European regulatory architecture is undergoing its most consequential restructuring since the GDPR came into force in 2018. The European Commission’s Digital Omnibus package — now entering trilogue negotiations between the Commission, the European Parliament, and the Council — proposes material revisions to both the GDPR and the AI Act. With no final text agreed and negotiations expected to extend well into 2026, compliance teams and executive leadership face a period of structured uncertainty that demands proactive, scenario-based planning rather than a wait-and-see posture.

A Shifting Regulatory Baseline: What the Digital Omnibus Proposes

The Digital Omnibus is not an incremental update. Proposals under discussion would revise core GDPR provisions — including definitions of personal data, the scope of data access rights, and obligations on automated decision-making — while simultaneously adjusting the timing and application thresholds of the AI Act.
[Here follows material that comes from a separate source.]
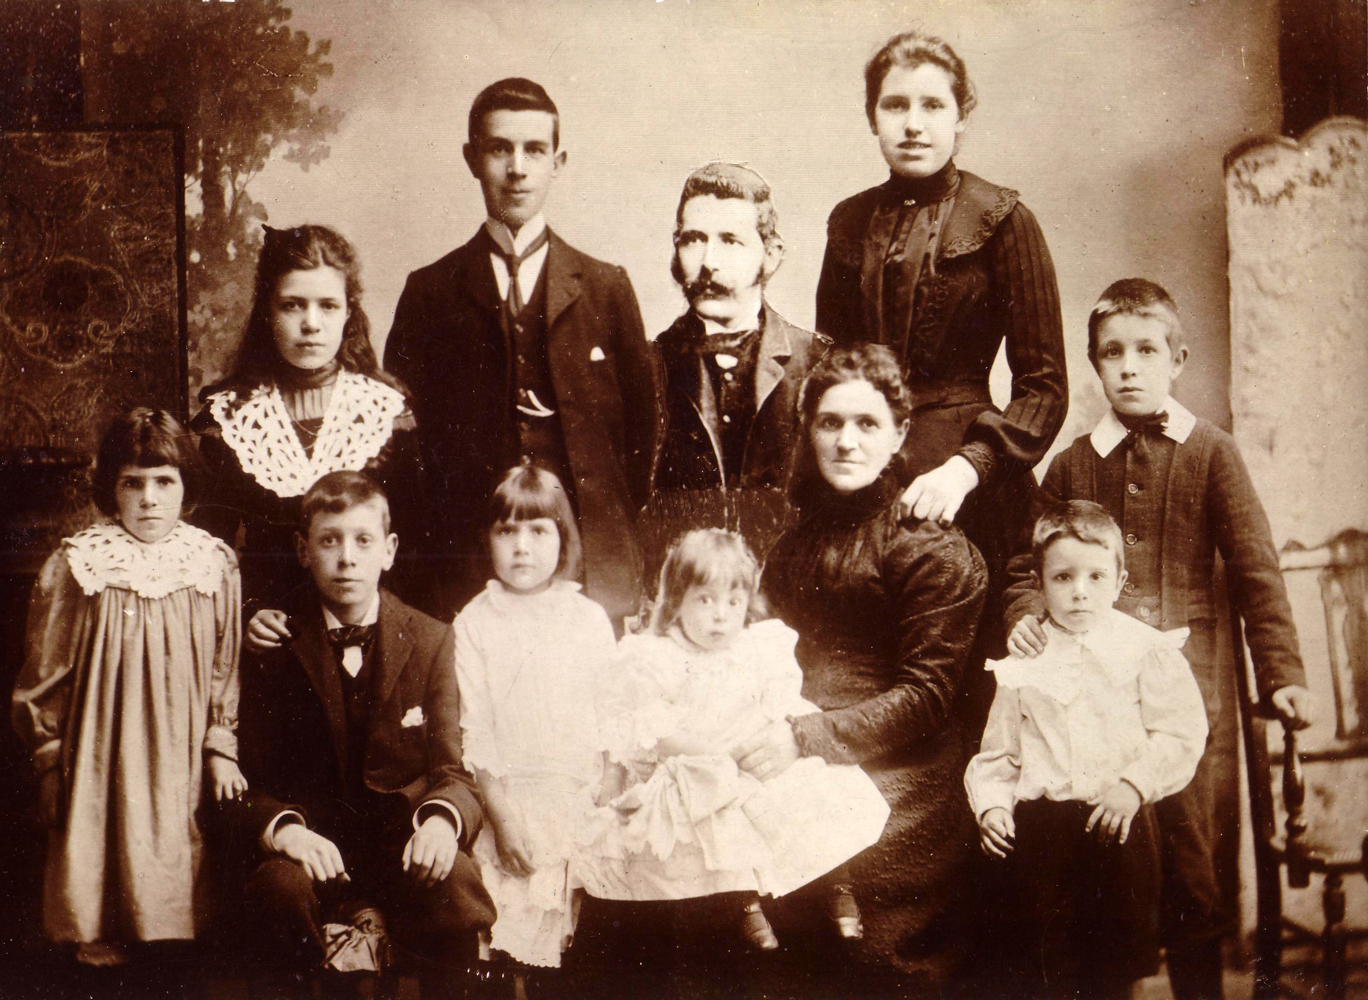 Studio Portrait Victorian Family Montage 1890s

For organizations that have already invested in GDPR compliance infrastructure, this creates a dual risk: over-engineering controls against a framework that may change, or under-investing and facing enforcement exposure in the interim.

Critically, the AI Act’s implementation timeline is not paused pending Omnibus outcomes. Key transparency and copyright-related obligations become applicable in August 2026, with full application of the regulation also set for that date. High-risk product rules under Annex I extend to 2028. Compliance teams cannot treat the Omnibus negotiations as a reason to defer AI governance work — the existing statutory deadlines remain binding.

The practical implication: organizations should build compliance programs against the current AI Act text while maintaining sufficient architectural flexibility to absorb Omnibus amendments. This is a governance design challenge as much as a legal one.

Parallel Regimes, Compounding Obligations

One of the most operationally significant realities confirmed by EU guidance is that the AI Act and GDPR operate in parallel, not as substitutes. Organizations deploying AI systems that process personal data — which describes the majority of enterprise AI use cases in finance, HR, healthcare, and customer operations — must simultaneously satisfy:

  • AI Act requirements: conformity assessments, technical documentation, human oversight mechanisms, and transparency obligations for high-risk systems;
  • GDPR obligations: lawful basis for processing, Data Protection Impact Assessments (DPIAs), data minimisation, and vendor due diligence under Article 28;
  • Sector-specific overlays: AML transaction monitoring, automated credit decisioning under CRD VI, and HR profiling restrictions under national implementations.

EU data protection authorities have already demonstrated enforcement appetite at this intersection. Investigations and sanctions have been issued against AI-enabled biometric identification, facial recognition, automated profiling, and model training practices — all framed under existing GDPR provisions. The enforcement record makes clear that regulators are not waiting for AI-specific legislation to mature before acting.

For enterprise risk management frameworks, this convergence between data privacy law and AI governance is not a future scenario — it is the current operating environment.

Implications for Business: Governance, Investment, and M&A Due Diligence

The regulatory pressure wave has direct consequences across several executive functions:

  • CFOs and Audit Committees should reassess AI-related liability exposure in financial reporting and ensure that compliance costs associated with dual GDPR/AI Act obligations are accurately reflected in risk disclosures and ESG reporting frameworks;
  • General Counsel must map existing AI deployments against both current AI Act risk classifications and GDPR processing activities, identifying gaps before the August 2026 application date — not after;
  • M&A Directors and Transaction Teams should treat AI governance maturity as a material due diligence vector. Target companies with undocumented AI systems, unresolved DPIAs, or informal vendor oversight structures carry regulatory tail risk that will increasingly affect valuation and deal structuring;
  • CTOs and Digital Transformation Leaders need to architect AI systems with compliance by design — embedding documentation, human oversight, and audit trails from the outset rather than retrofitting controls post-deployment.

The European simplification debate embedded in the Omnibus process — balancing regulatory burden reduction against rights protection — will also have spillover effects for global governance programs. Multinationals operating across jurisdictions should monitor whether Omnibus outcomes create divergence or alignment with emerging AI frameworks in the UK, US, and APAC markets.

Key Takeaway

The convergence of GDPR reform, AI Act implementation, and active enforcement creates a compliance environment where inaction is itself a risk position. Organizations that treat the Digital Omnibus negotiations as a reason to pause should reconsider: existing obligations are live, enforcement is accelerating, and the firms best positioned for 2026 and beyond are those building adaptive governance frameworks today. The question for leadership is not whether to invest in AI and data compliance infrastructure — it is whether that investment is structured to absorb regulatory change without requiring full redesign.